The basic loop is: (i) generate synthetic data, (ii) rate synthetic data, (iii) update model to put more probability on better data and less probability on worse data, then go back to (i).

viraptor|1 year ago

This is a good read for some examples https://arxiv.org/abs/2203.14465

> This technique, the "Self-Taught Reasoner" (STaR), relies on a simple loop: generate rationales to answer many questions, prompted with a few rationale examples; if the generated answers are wrong, try again to generate a rationale given the correct answer; fine-tune on all the rationales that ultimately yielded correct answers; repeat. We show that STaR significantly improves performance on multiple datasets compared to a model fine-tuned to directly predict final answers

But there are a few others. In general good data is good data.
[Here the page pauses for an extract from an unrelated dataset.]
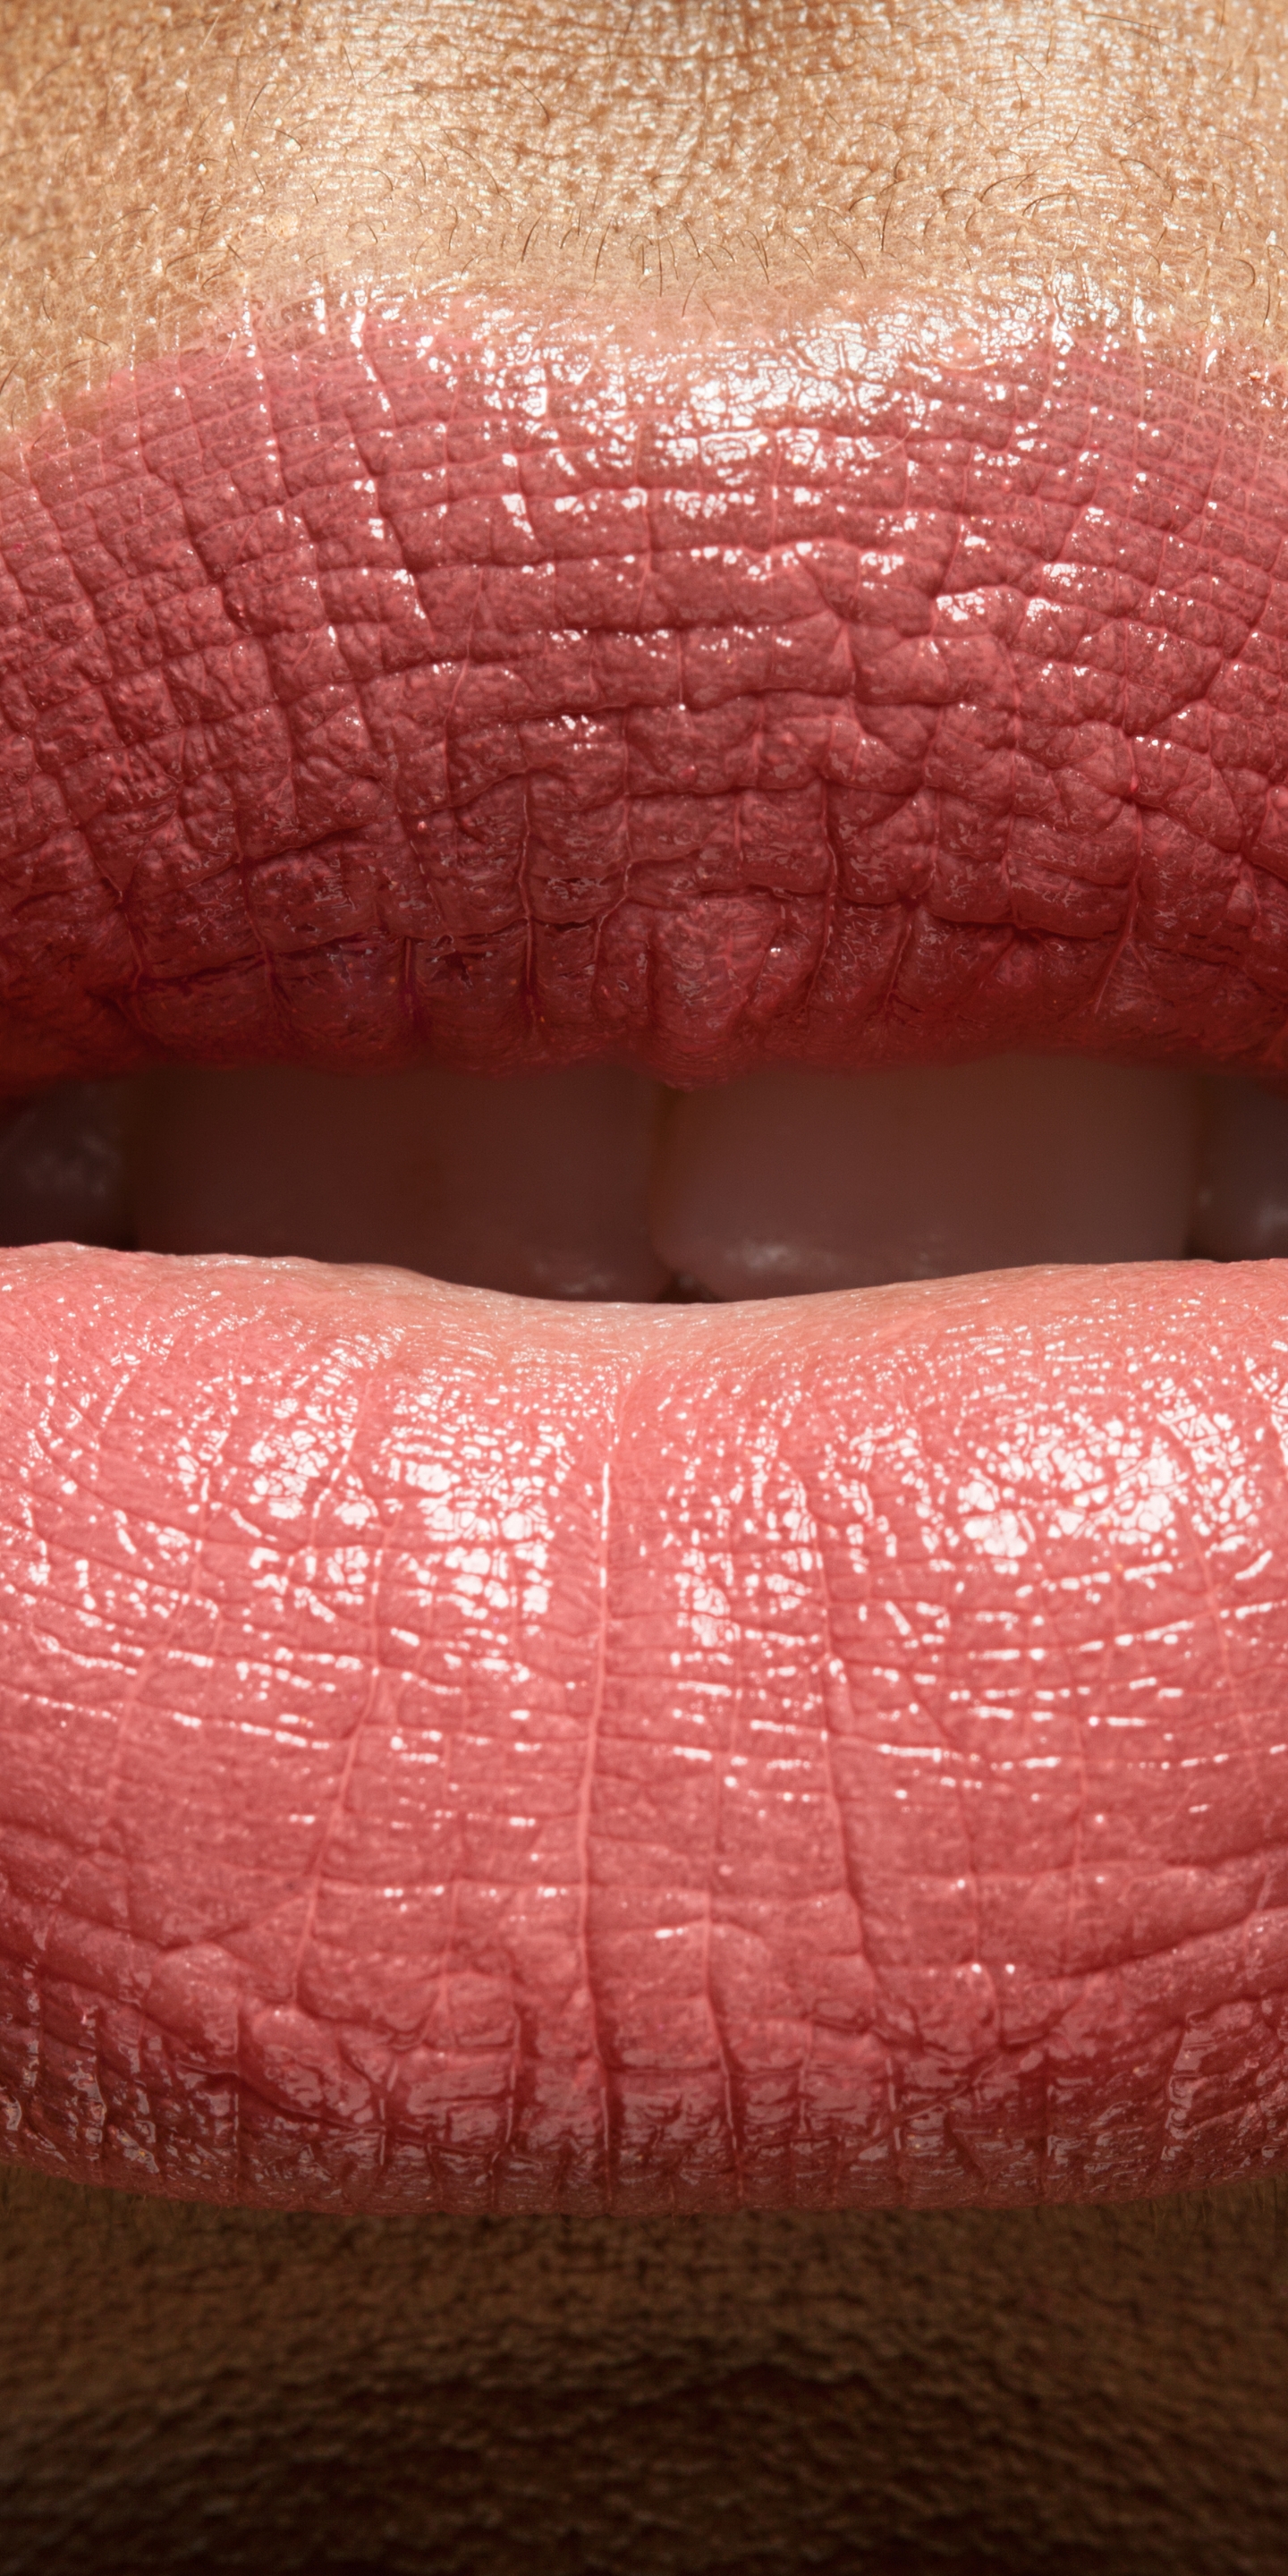 Image: Lips, mouth, lipstick, close-up
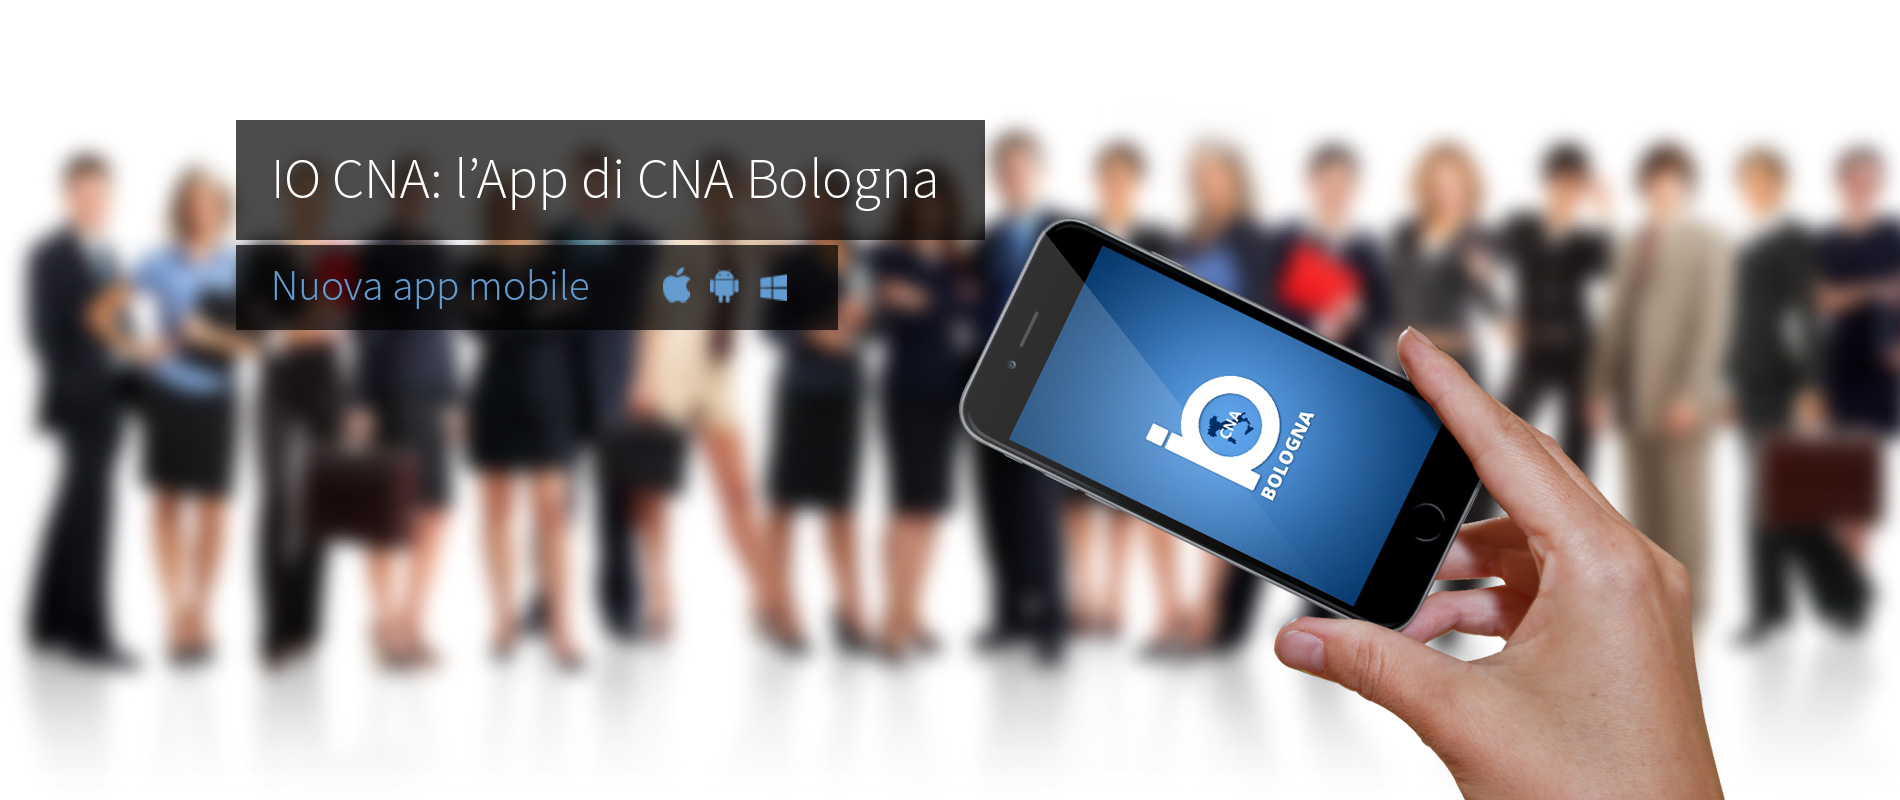 BSD@Software rilascia l'app IO CNA di CNA Bologna

We're definitely learning more about how to produce good synthetic version.

Majromax|1 year ago

> What good it's it to train a model basically on itself?

If the model generates data of variable quality, and if there's a good way to distinguish good data from bad data, then training on self-generated data might "bootstrap" a model to better performance.

This is common in reinforcement learning. Famously, AlphaGo Zero (https://en.wikipedia.org/wiki/AlphaGo_Zero) learned exclusively on self-play, without reference to human-played games.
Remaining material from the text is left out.